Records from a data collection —
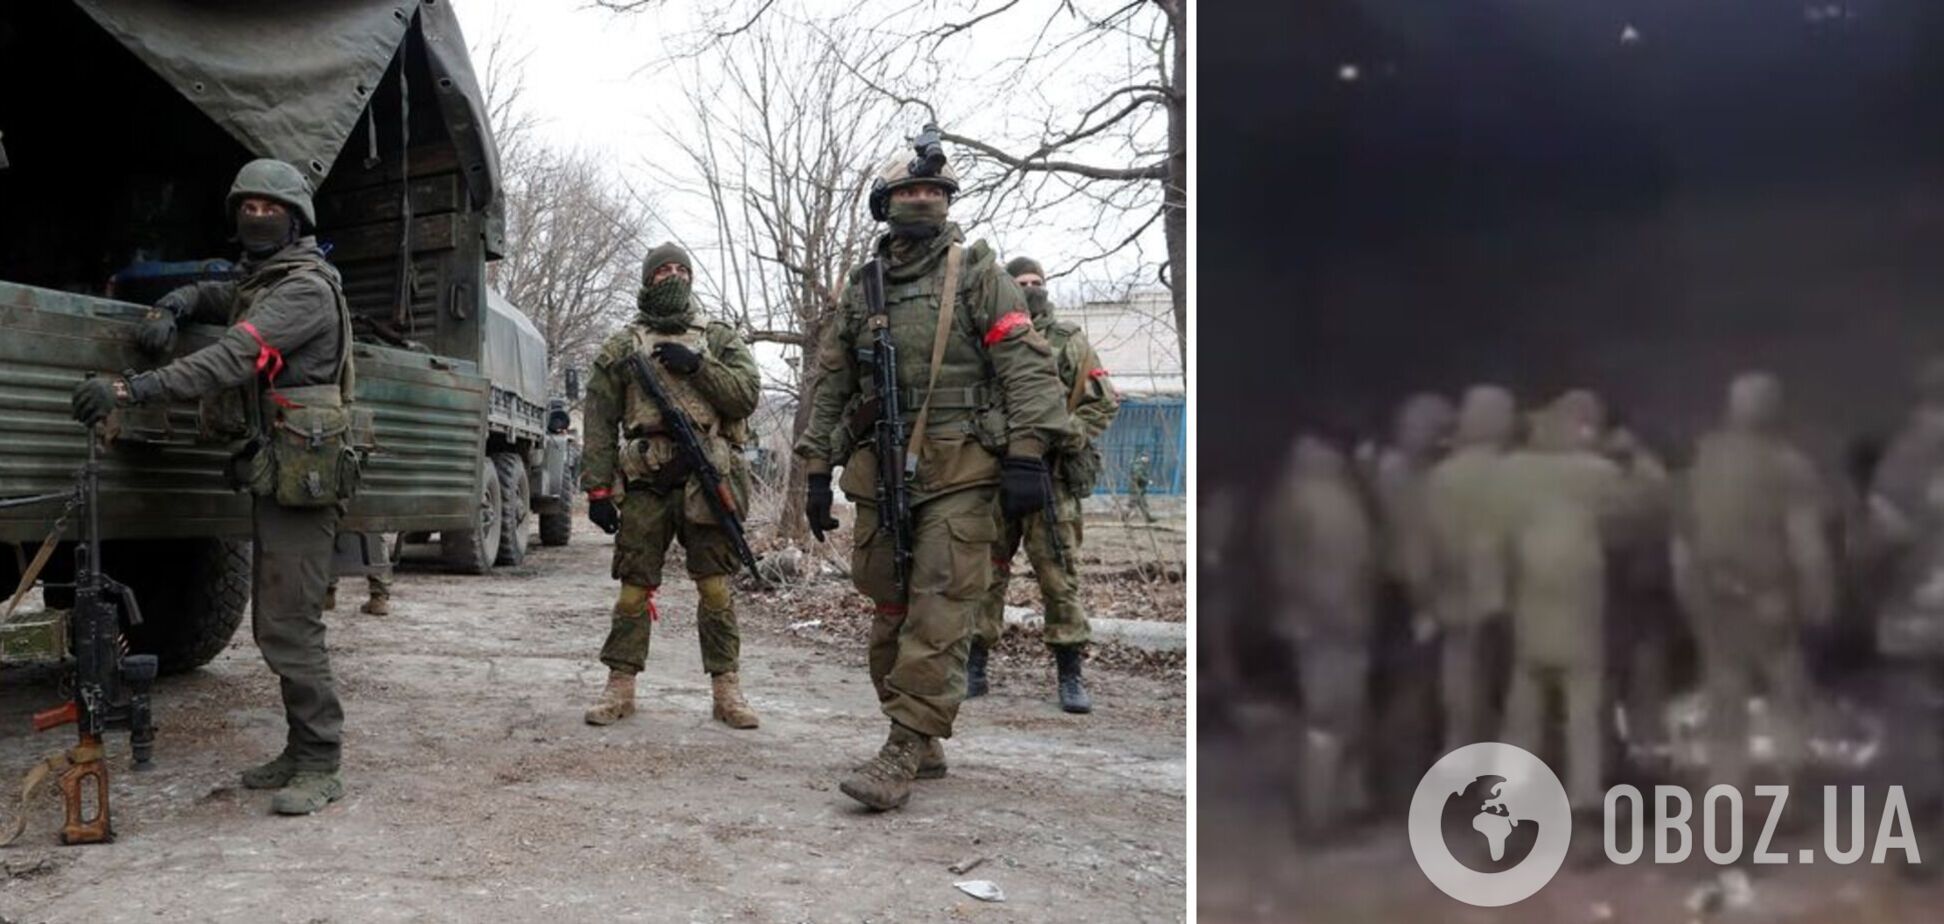 'Не ели нормально 4 дня, нас кинули, как скот': российские военные признались, что их увольняют задним числом. Видео
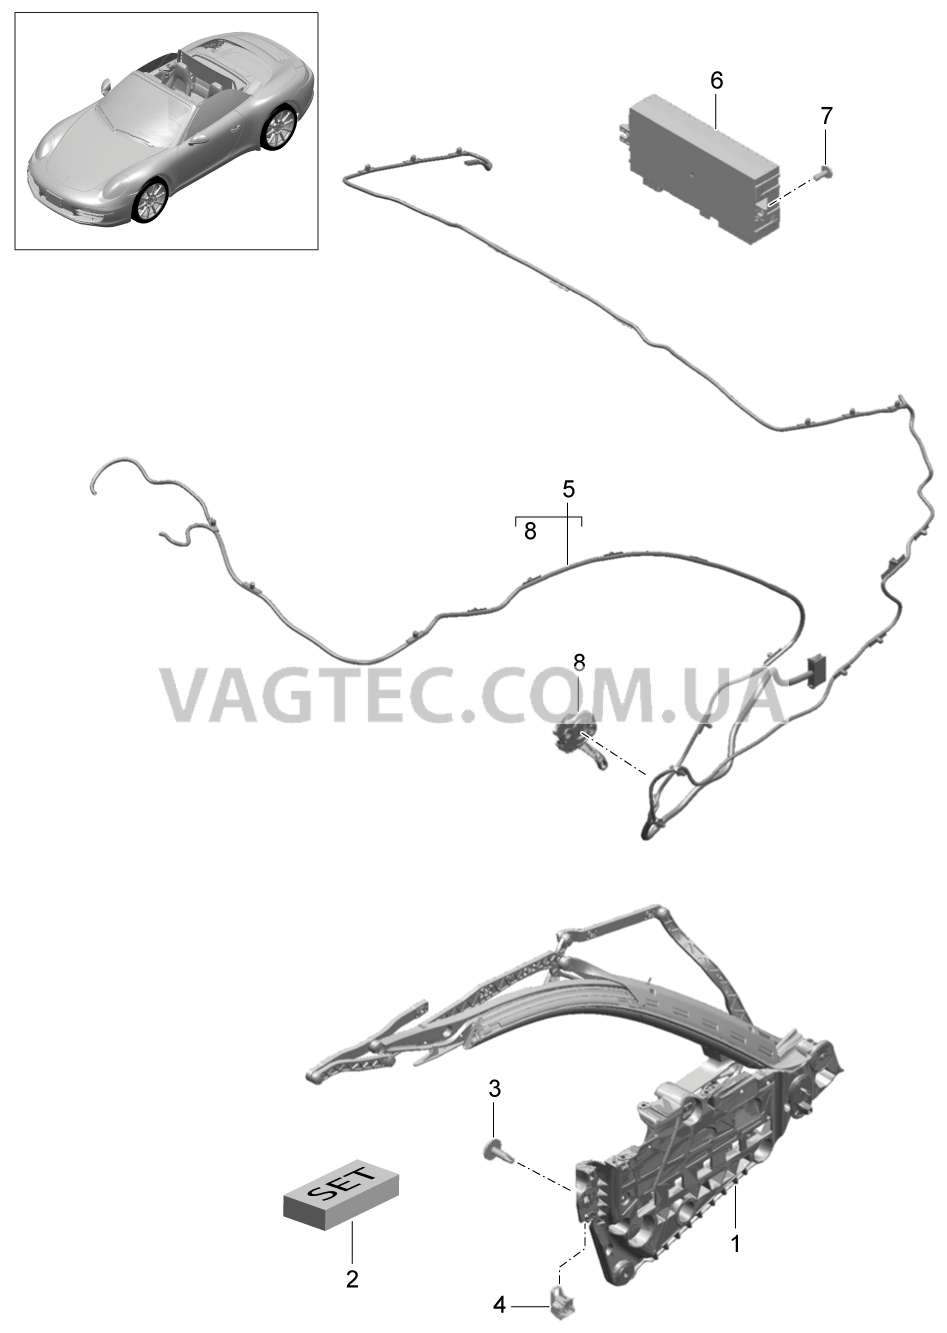 811-025 Каркас складного верха, Отдельные детали, боковой, и, Электродетали
						
						CABRIO для PORSCHE 911.Carrera 2012-2016
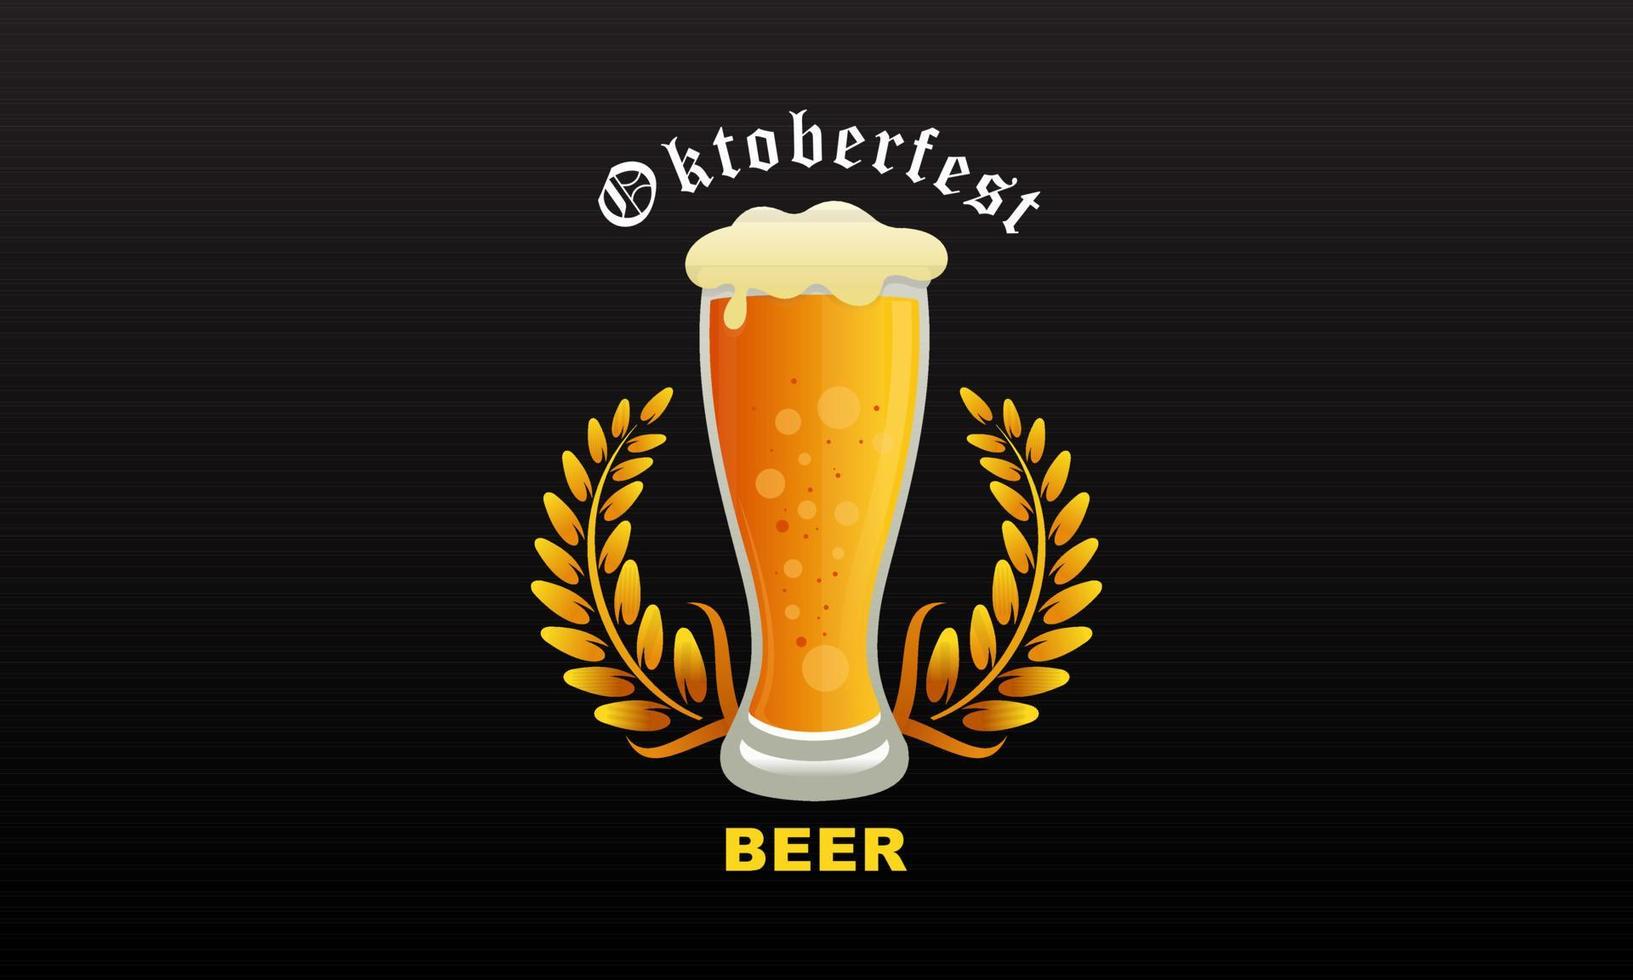 fond de festival de bière oktoberfest réaliste peut être utilisé pour le modèle daffiche vecteur
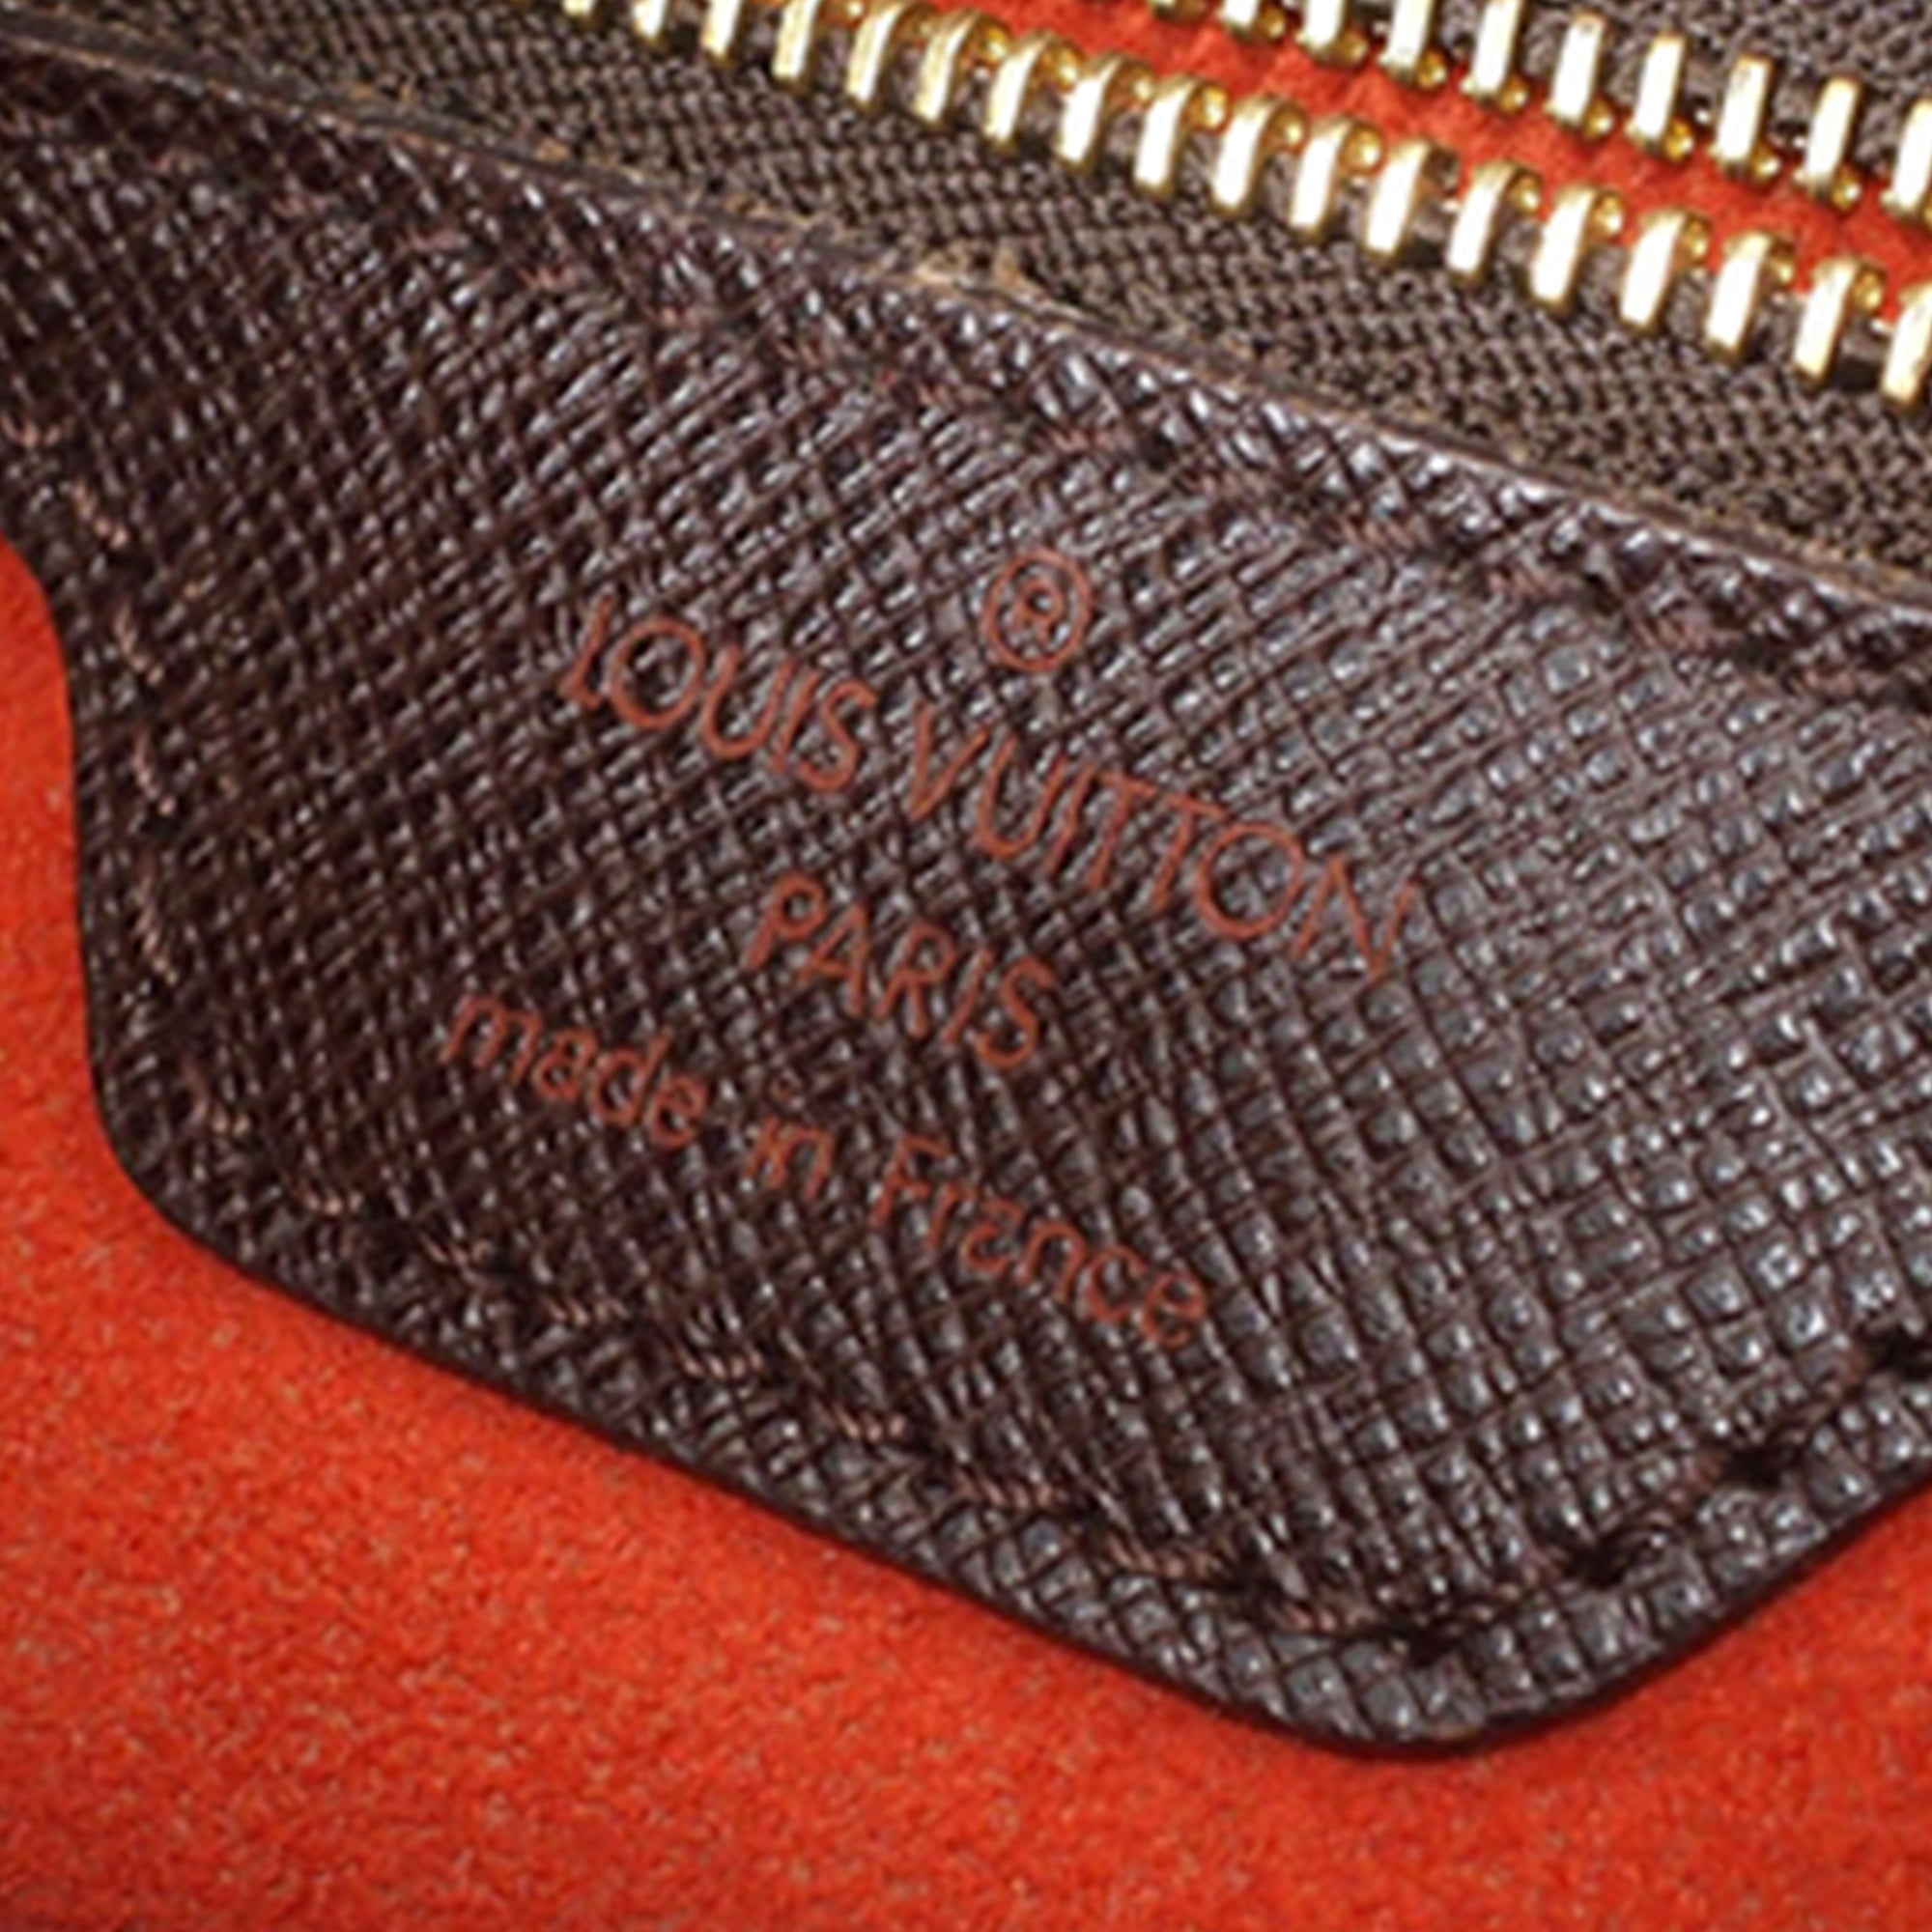 Vintage Louis Vuitton Damier Ebene Marais PM Bucket Bag SP1000 021023

The problem — Return word for word the line bearing "CABRIO для PORSCHE" and every later line of the entries, but none of the pictures.

Exercise response —
						CABRIO для PORSCHE 911.Carrera 2012-2016
 fond de festival de bière oktoberfest réaliste peut être utilisé pour le modèle daffiche vecteur
 Vintage Louis Vuitton Damier Ebene Marais PM Bucket Bag SP1000 021023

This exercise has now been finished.